I have a 95 Chevy K3500 with a Crysteel 8' electric/hydro dump bed. When I lift the bed to full extension, it gets stuck in that position. Today, I had a couple of yards of mulch, dumped it, and it did it again. I was alone and the only way I was able to lower it was to short the switch that lowers the bed, then climb up & hang on the top edge of the underside.. jerked it a few times & it came down. It will drop no problem if it is not extended all the way. The hydraulics are made by Monarch. I downloaded a manual, and there is a 3 or 4 way check valve that looks like it controls fluid in & out of the lift ram. I took that apart (the check valve, not the lift ram) & it looks OK but I really don't know what I'm looking for.
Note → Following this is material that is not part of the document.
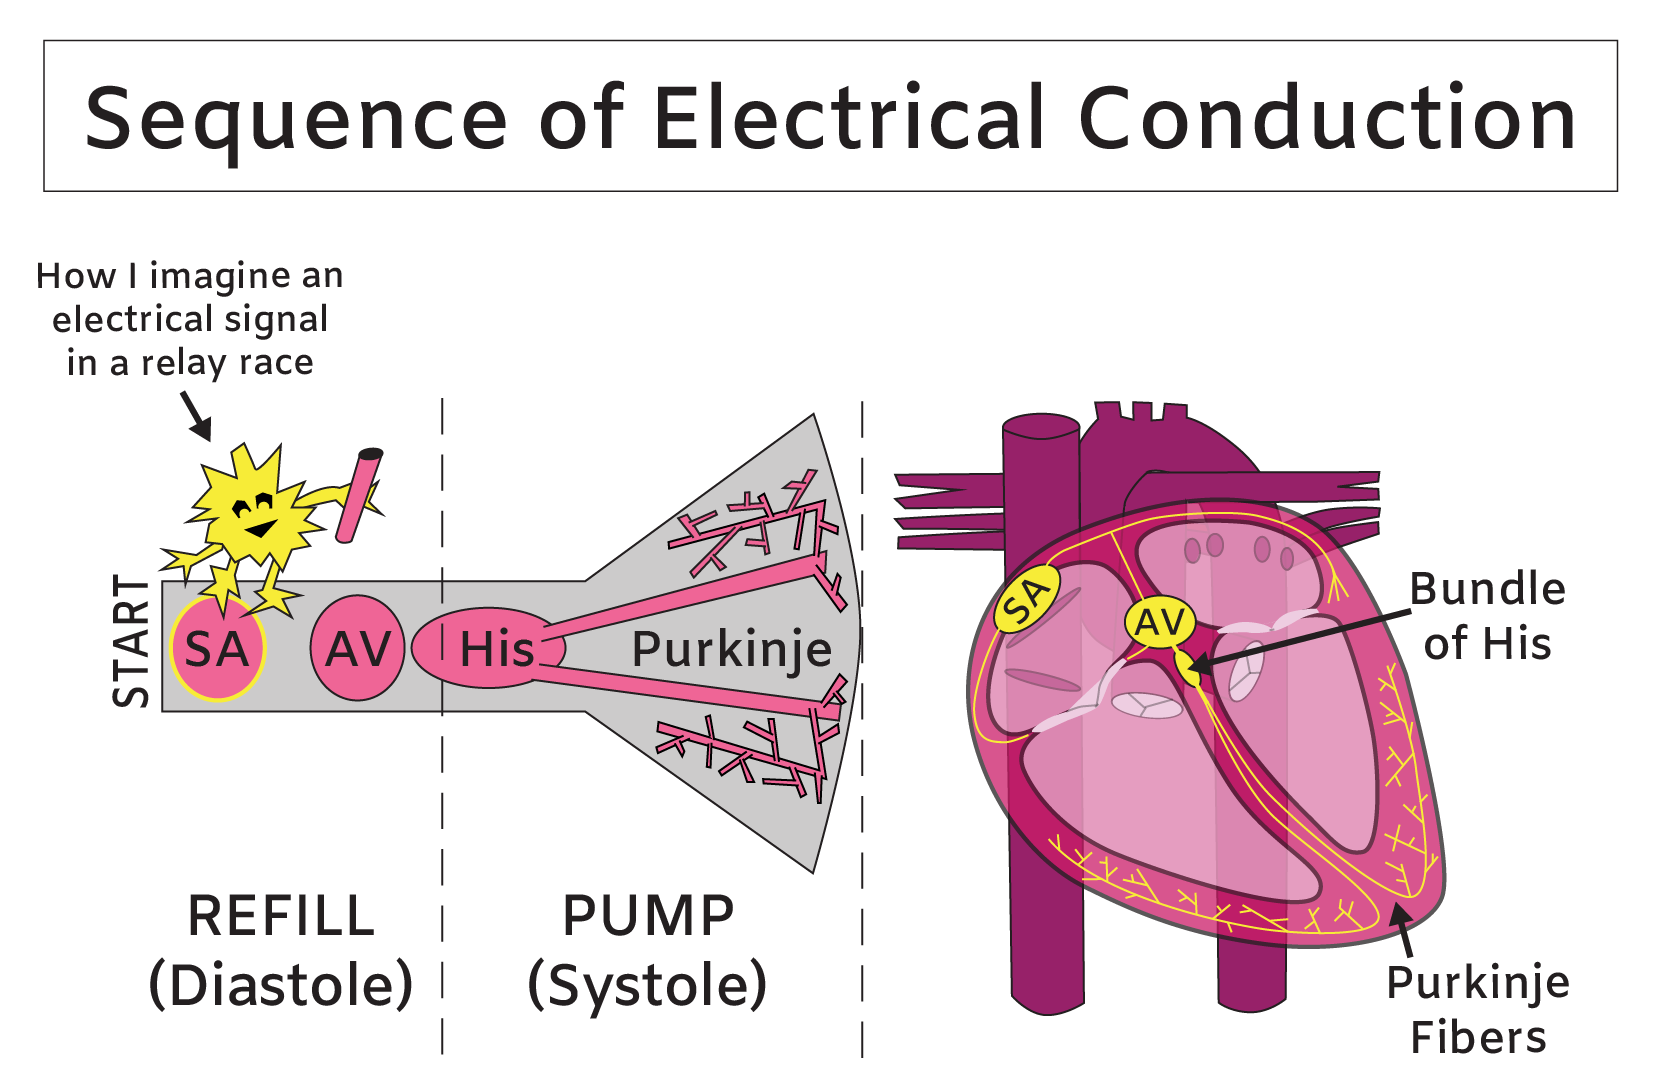 sequence of electrical conduction through the heart

The solenoid that operates it is getting power. Any ideas would be greatly appreciated.. thanks!


----------



## Dwan (Mar 24, 2004)

You may want to check the seal on the end of the ram, mine was to tight and did the same thing like yours.


----------



## Garagekeeper (Jan 18, 2002)

Before you tearing into the power unit "be" sure that all the pivots on the lift assembly are "free".
This is not uncommon for them to freeze up if "all" the tubes and pins have not been fully greased.
When the arms are fully extended the pivots need to be as free as possible so that the weight of the empty box can force them back into the dirrection they need to go to fold up and let the box down.
Hope this gets you working again.
 John...........................


----------